The worse 10 reviewers is much more interesting mostly due to tainturk a Turkopticon moderator and Tribune a former moderator being on the list. Everybody on the worse 10 list suffer from very high correlations between the other scales and Pay. Tainturk though also suffers from having 50% of his/her reviews being 1Bombs (for those reviews in which all of the scales were completed). This is not the worse as Taskmistress has 75% 1Bombs but this was surprising. Looking back at the early reviews I see that 1Bombs seem to be common earlier in Turkopticon and are intended to reflect a Amazon Terms of Service violation, something that has since been implemented.

Similarly Tibune has one of the highest flag count rates in the entire list with an expected numbe rof flags of 5% on his/her reviews. However, as Tribune was invited to be a moderator despite this spotted history, we can only assume that my rating system has some serious flaws.

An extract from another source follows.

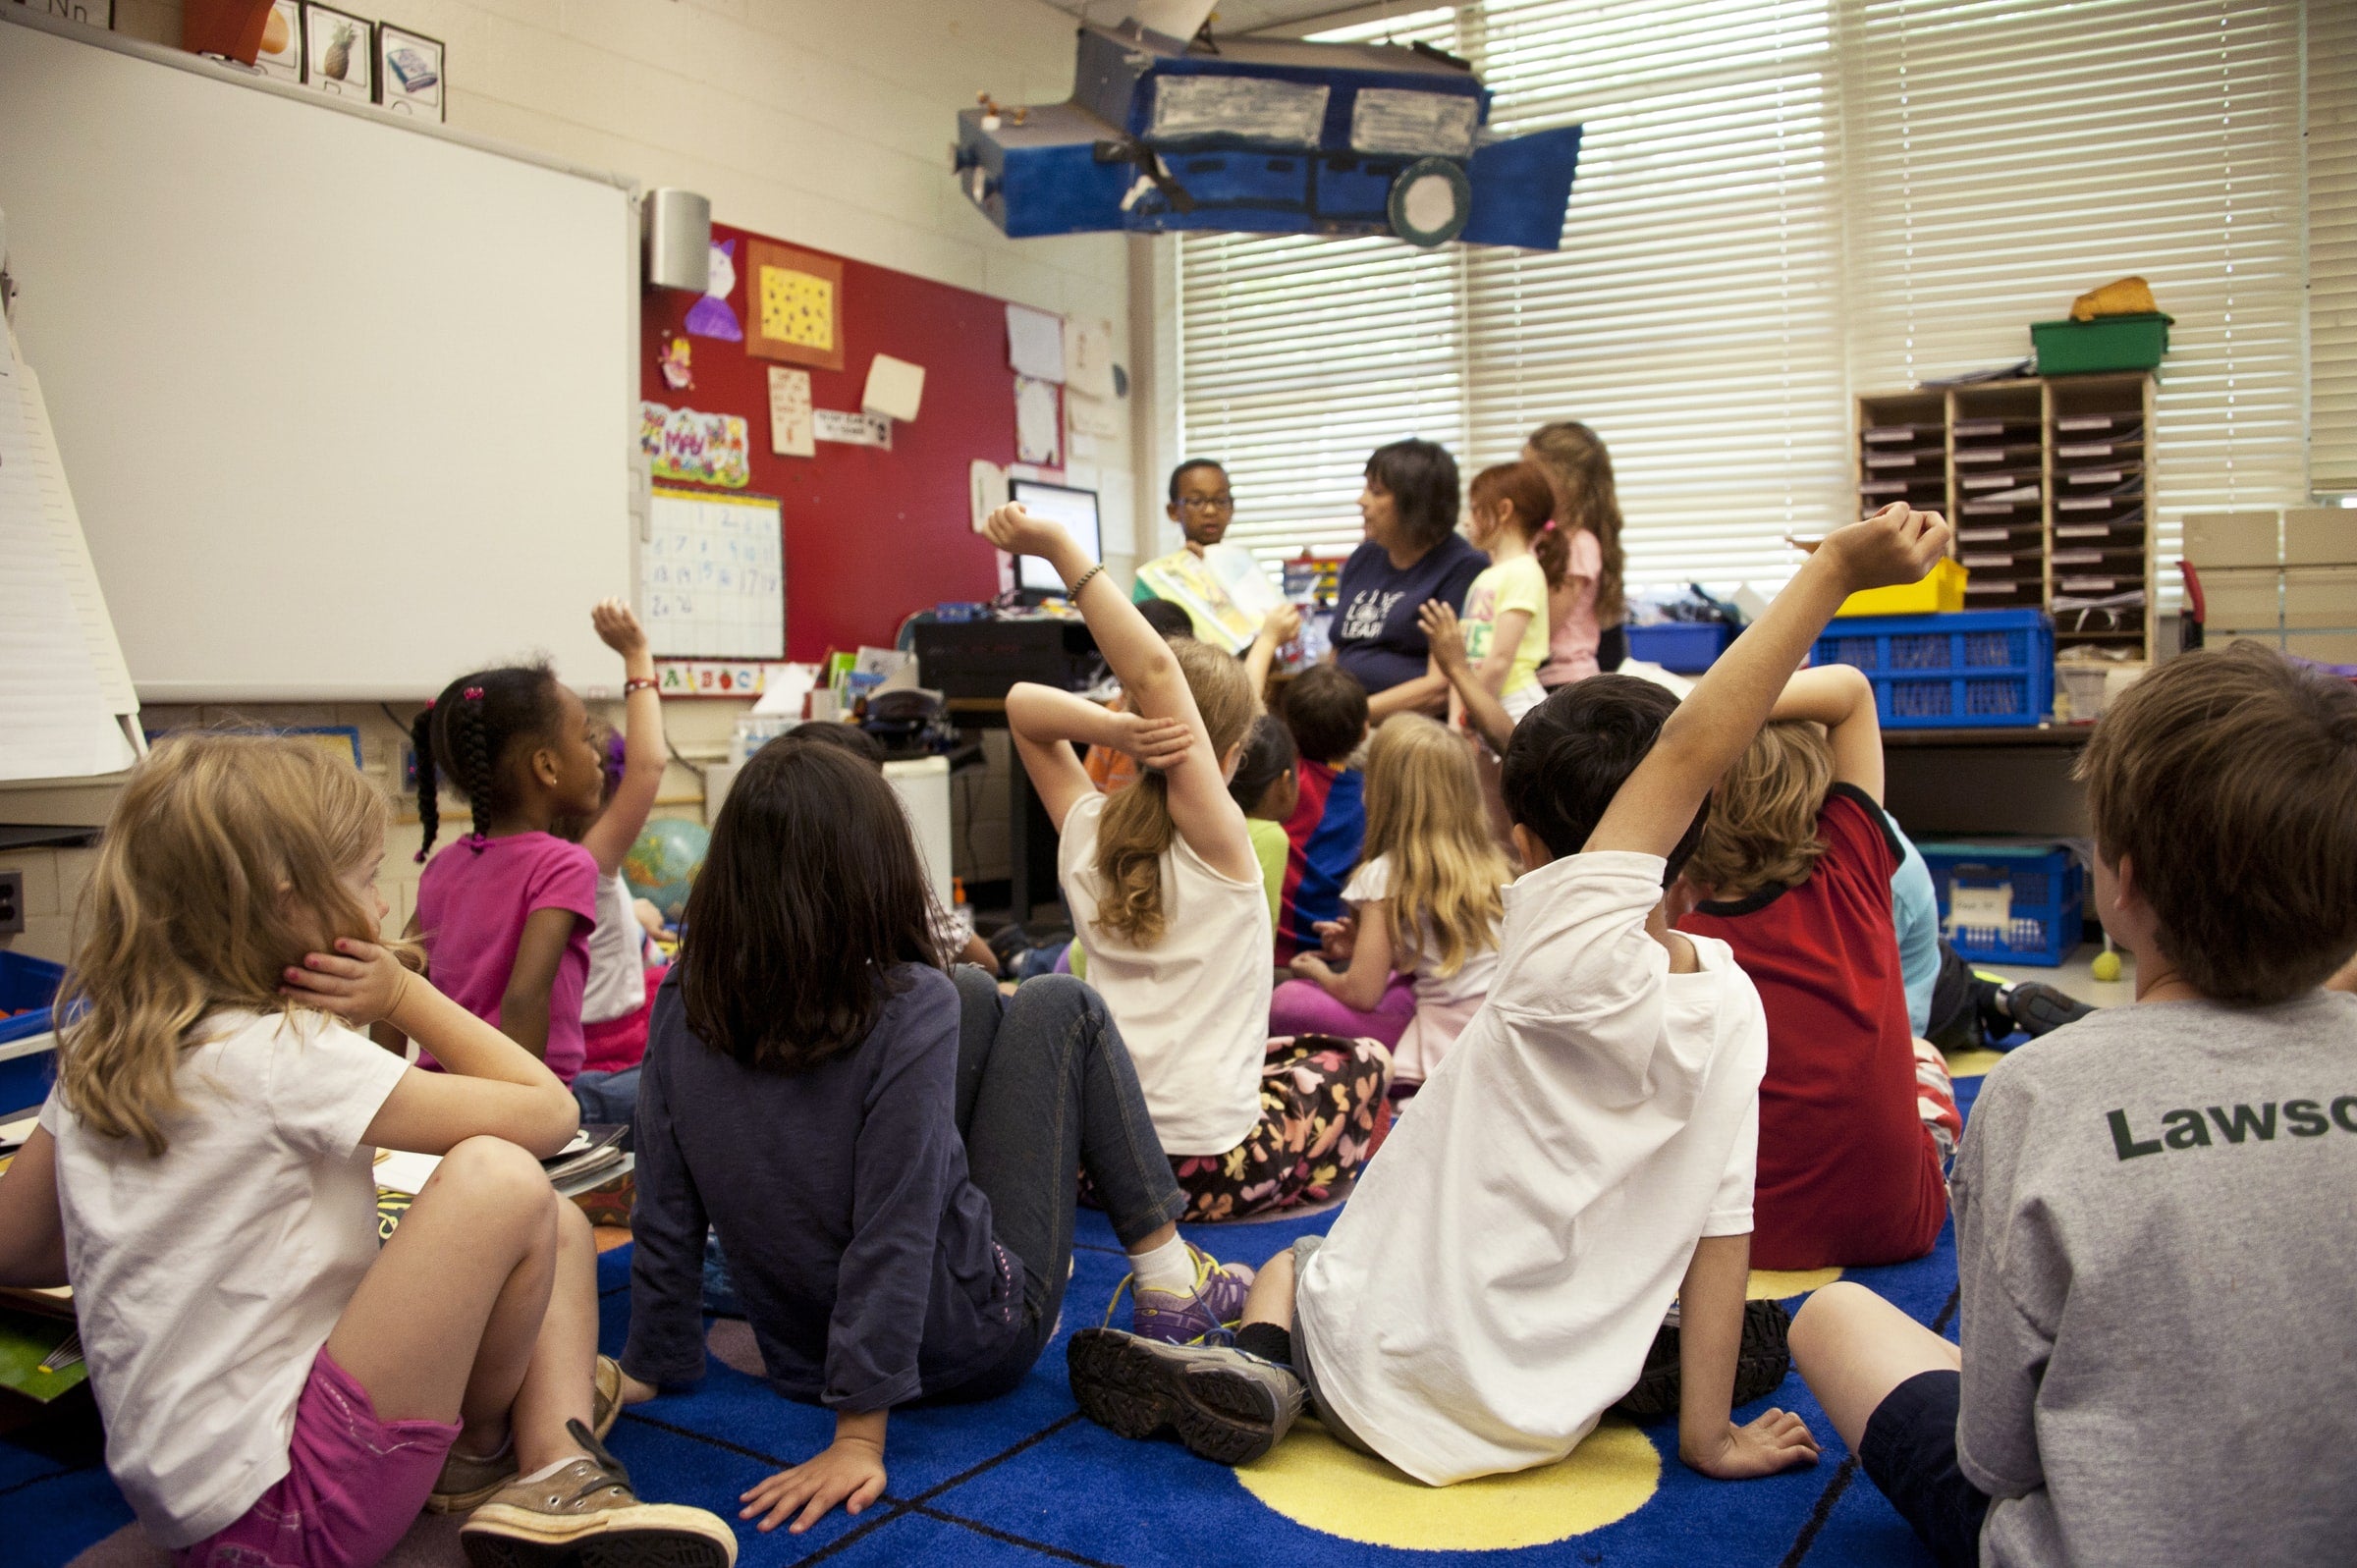 Captured in a metropolitan Atlanta, Georgia primary school, this photograph depicts a typical classroom scene, where an audience of school children were seated on the floor before a teacher at the front of the room, who was reading an illustrated storybook, during one of the scheduled classroom sessions. Assisting the instructor were two female students to her left, and a male student on her right, who was holding up the book, while the seated classmates were raising their hands to answer questions related to the story just read. (Photo/CDC via Unsplash)

Overall, I would therefore take the RPI ranking with a grain of salt. Perhaps some of the longer time contributors to Turkopticon are suffering from changing standard over time. If I have time I will revisit the rating system looking at only reviews within the last year or two.